Given the method, I think you should include the potential energy due to gravity (though you should've had $-mgx$). It feels a bit arbitrary to omit it just because you might happen to know from a different analysis it effectively won't matter. It's straightforward to see it does indeed cancel out.

As you found, including the gravitational potential energy makes the differential equation non-homogeneous with a constant forcing term. The particular solution is $\theta_0 = \tfrac{mg}{16kr}$. Note that this is the angle through which the pulley rotates to reach the new equilibrium point. The general solution to the differential equation is $\theta(t) = \theta_0 + \theta_h(t)$ where $\theta_h(t)$ is the solution to the homogeneous differential equation. In other words, the system oscillates about $\theta = \theta_0$.

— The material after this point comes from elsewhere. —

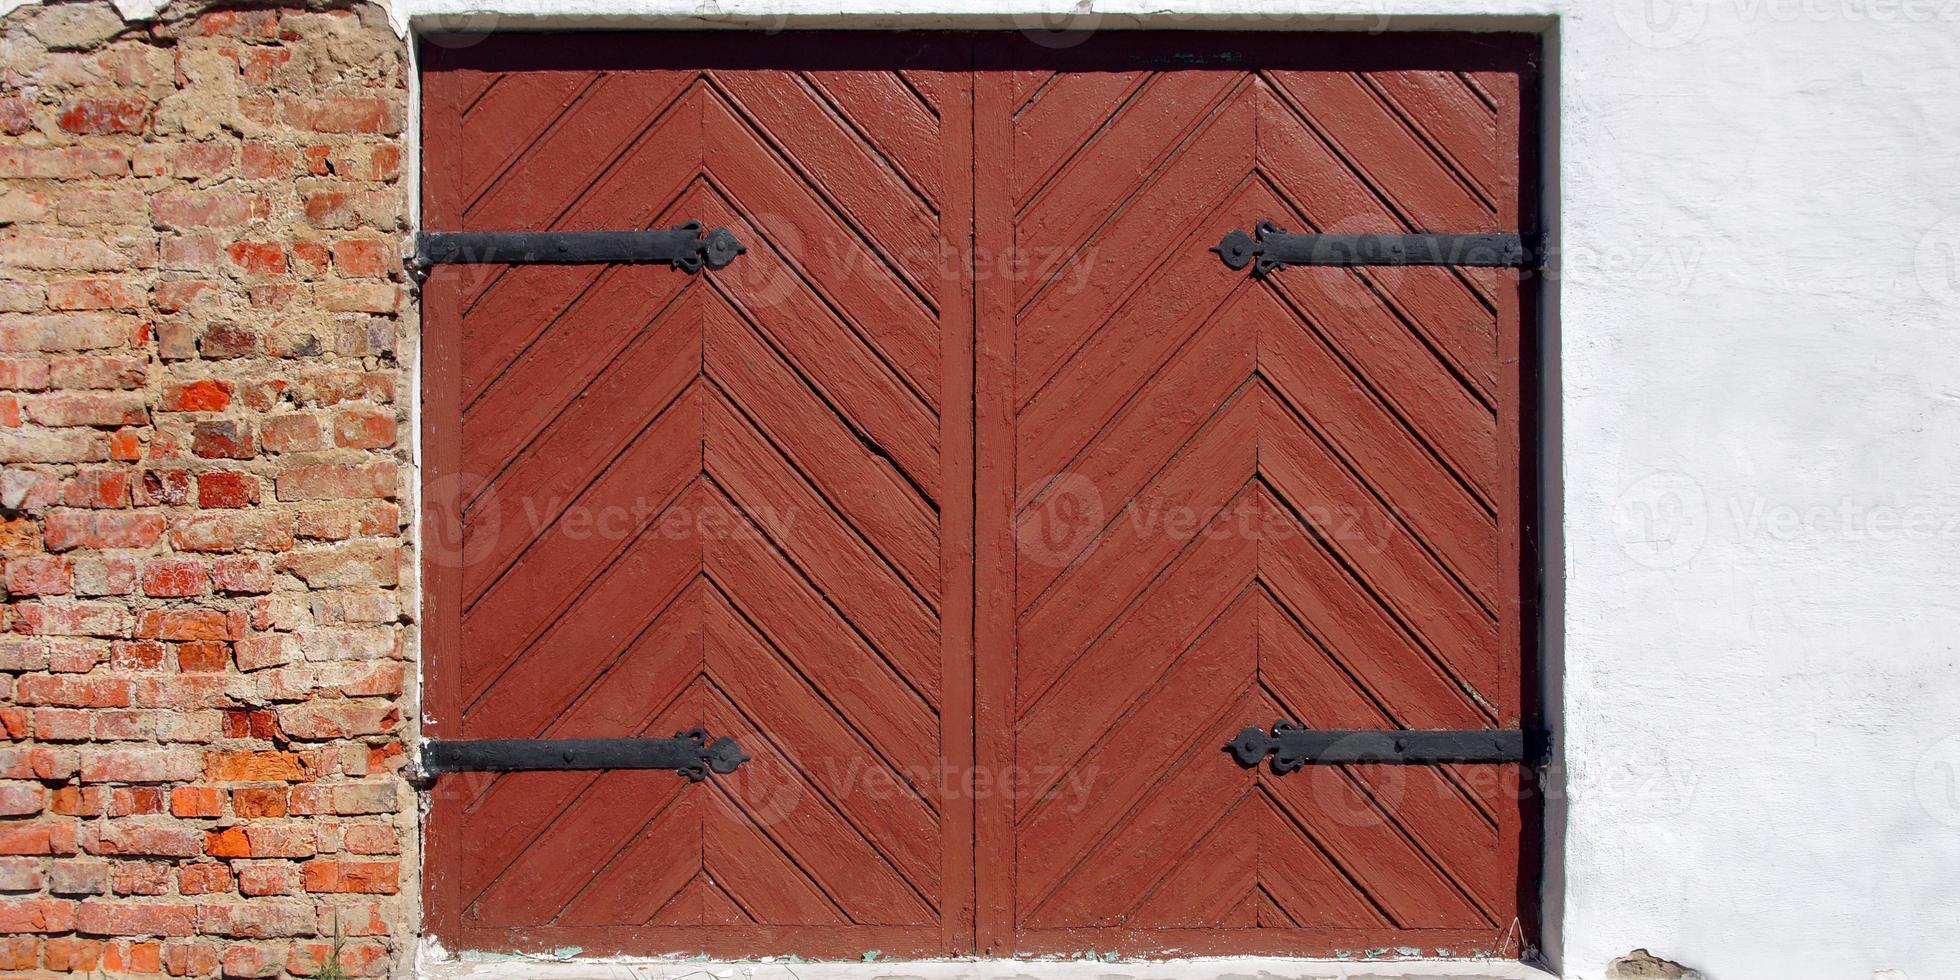 oude houten poort in de gevel van het oude gebouw. foto

Alternatively, you can take $\theta=0$ and $x=0$ to be around the new equilibrium point. Then the potential energy of the system should be
\begin{align*}
U &= \tfrac 12 k [4r(\theta + \theta_0)]^2 -mgx \\
&= \tfrac 12 (16kr^2)(\theta + \theta_0)^2 - mgr\theta\\
&= \tfrac 12 (16kr^2)\theta^2 + (16kr^2)\theta_0\theta + \tfrac 12(16kr^2)\theta_0^2 - mgr\theta\\
&= \tfrac 12 (16kr^2)\theta^2 + \tfrac 12(16kr^2)\theta_0^2
\end{align*} Since $16kr^2 \theta_0 = mgr$, the linear term from the spring's potential energy cancels the gravitational potential energy term, and you'll obtain the homogeneous equation after differentiating.